CF376B.I.O.U.

Imagine that there is a group of three friends: A, B and С. A owes B 20 rubles and B owes C 20 rubles. The total sum of the debts is 40 rubles. You can see that the debts are not organized in a very optimal manner. Let's rearrange them like that: assume that A owes C 20 rubles and B doesn't owe anything to anybody. The debts still mean the same but the total sum of the debts now equals 20 rubles.

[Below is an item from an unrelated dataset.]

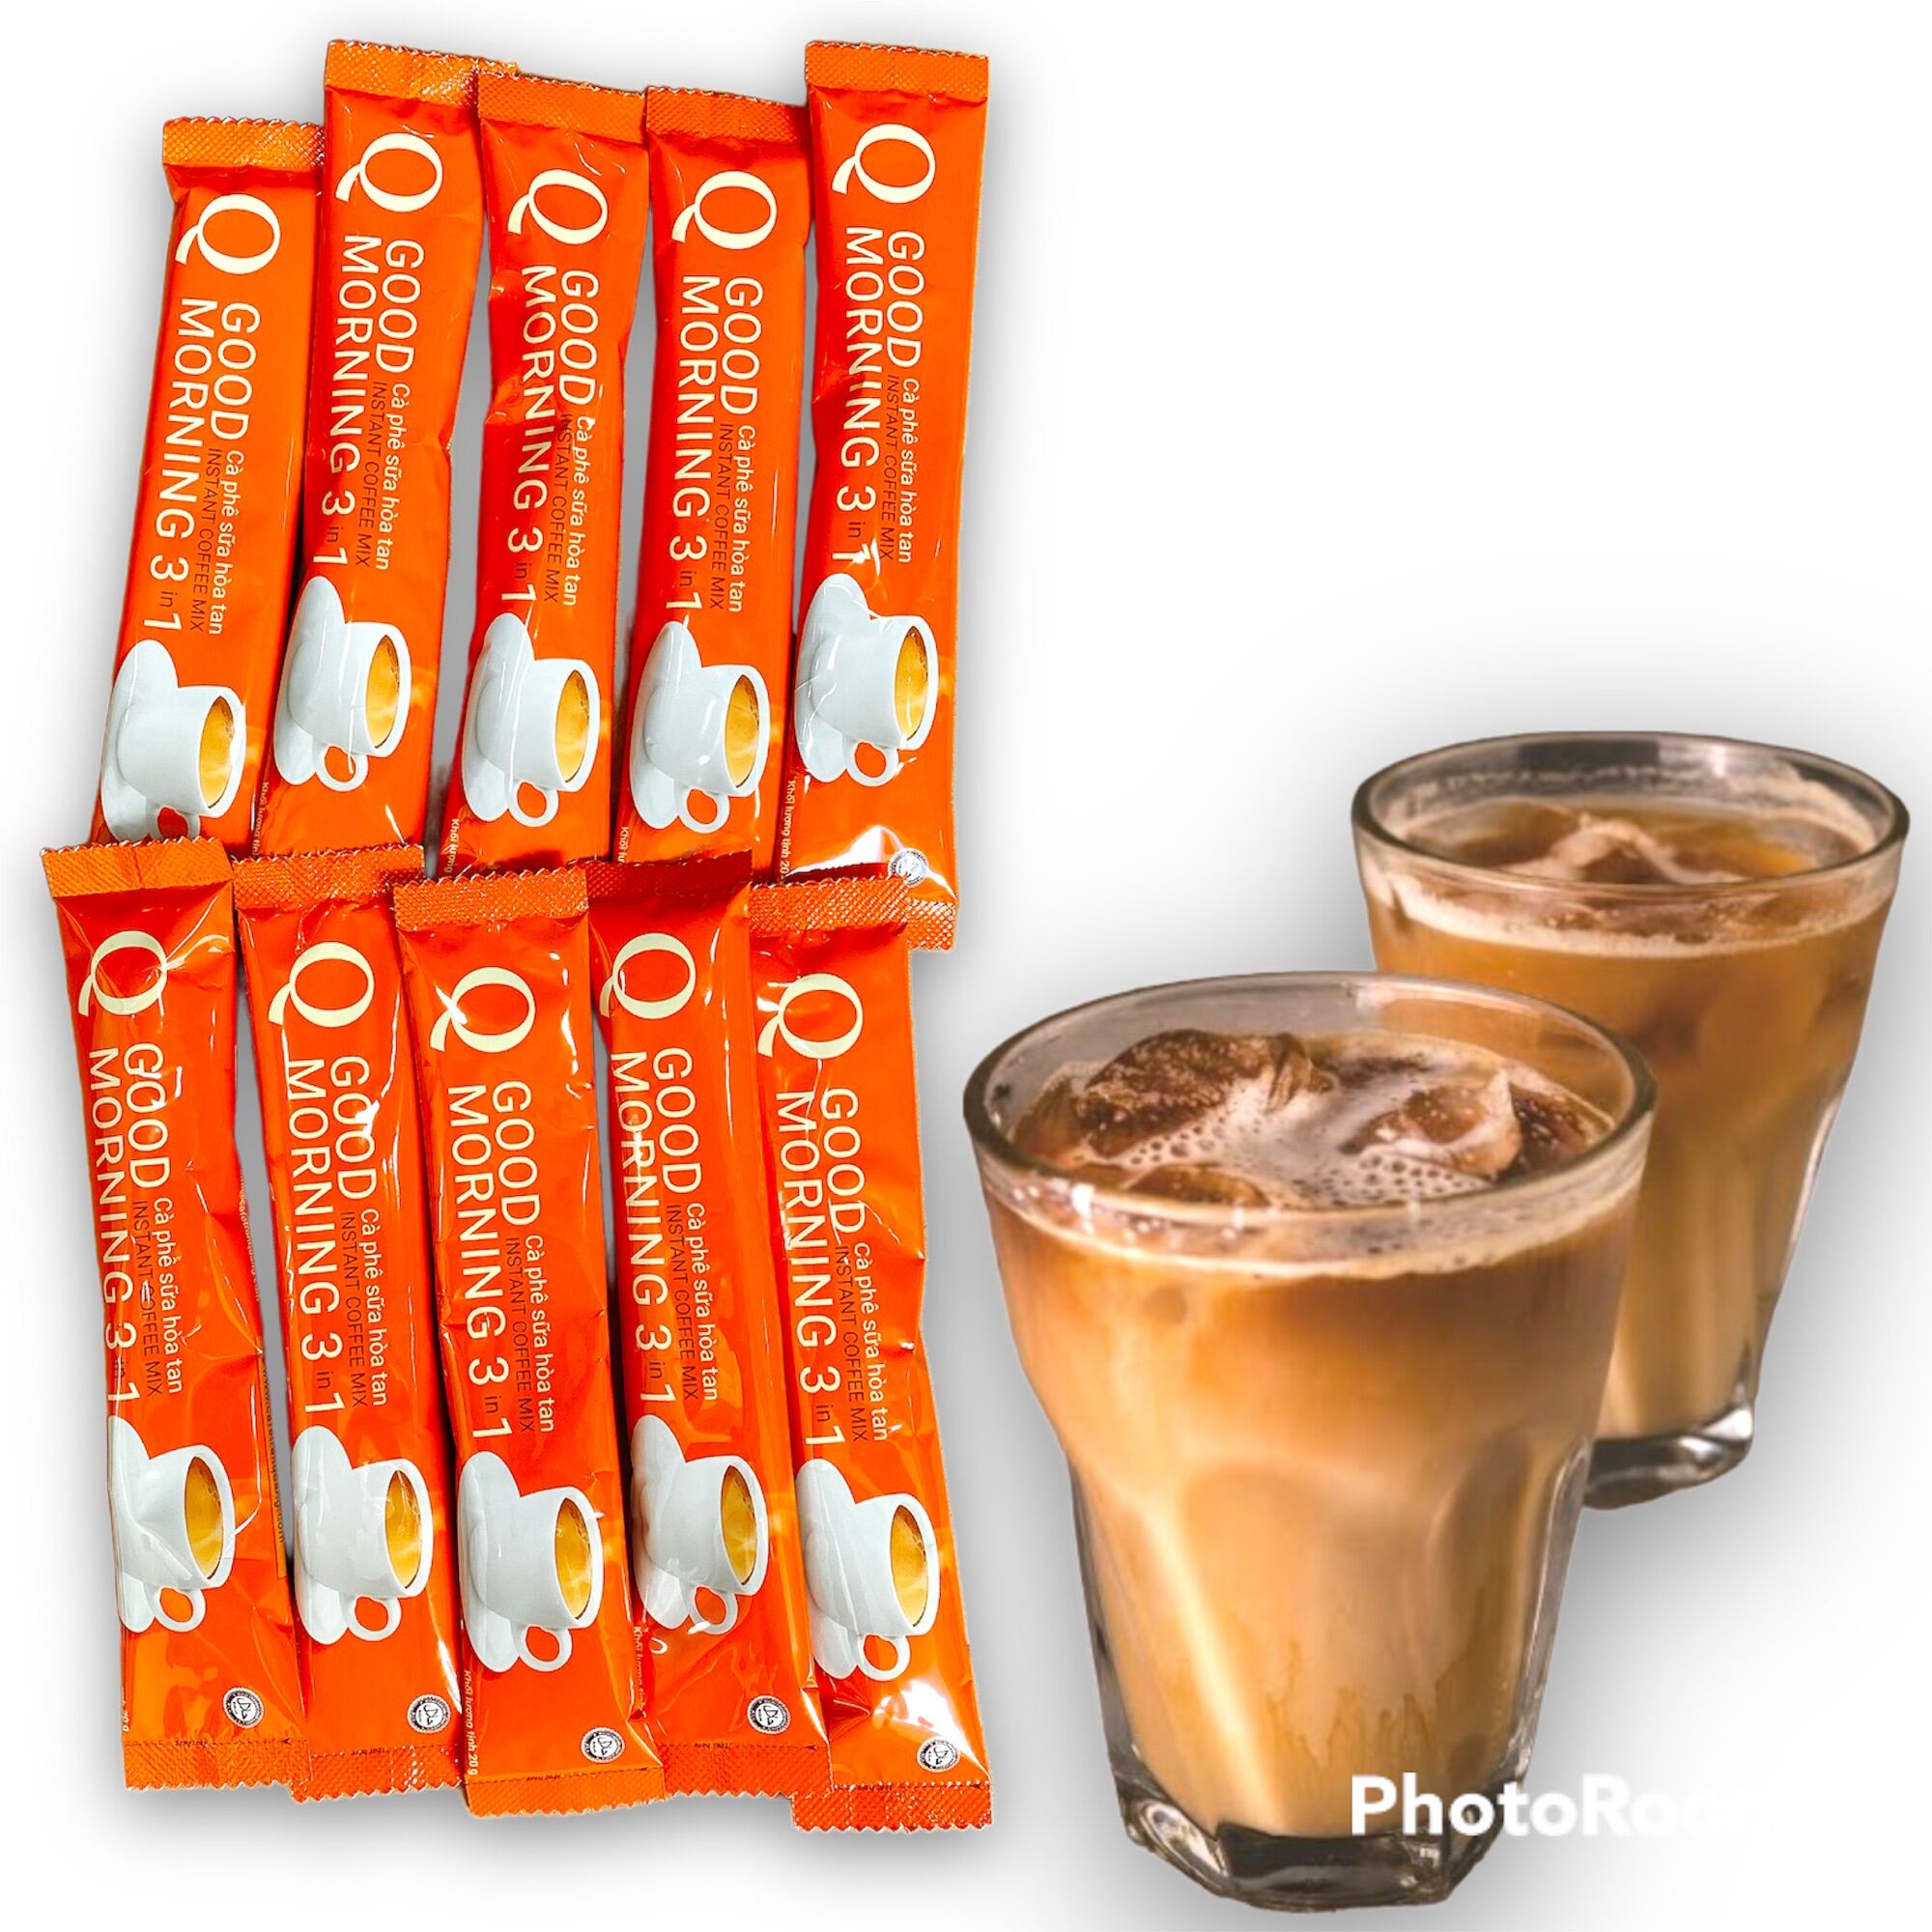 [UỐNG LÀ GHIỀN] Combo 50 gói Cà phê sữa Q Good Morning Trần Quang vị truyền thống (Mỗi gói 20gram) -Có lựa chọn số lượng trước khi thanh toán - (Date mới 12 tháng)-[ 12.12 Hot Deals ]

This task is a generalisation of a described example. Imagine that your group of friends has $n$ people and you know the debts between the people. Optimize the given debts without changing their meaning. In other words, finally for each friend the difference between the total money he should give and the total money he should take must be the same. Print the minimum sum of all debts in the optimal rearrangement of the debts. See the notes to the test samples to better understand the problem.

The first line contains two integers $n$ and $m$ $(1<=n<=100; 0<=m<=10^{4})$ . The next $m$ lines contain the debts. The $i$ -th line contains three integers $a_{i},b_{i},c_{i}$ $(1<=a_{i},b_{i}<=n; a_{i}≠b_{i}; 1<=c_{i}<=100)$ , which mean that person $a_{i}$ owes person $b_{i}$ $c_{i}$ rubles.

Assume that the people are numbered by integers from 1 to $n$ .

It is guaranteed that the same pair of people occurs at most once in the input. The input doesn't simultaneously contain pair of people $(x,y)$ and pair of people $(y,x)$ .

Print a single integer — the minimum sum of debts in the optimal rearrangement.

In the first sample, you can assume that person number 1 owes 8 rubles to person number 2, 1 ruble to person number 3 and 1 ruble to person number 4. He doesn't owe anybody else anything. In the end, the total debt equals 10.

In the second sample, there are no debts.

In the third sample, you can annul all the debts.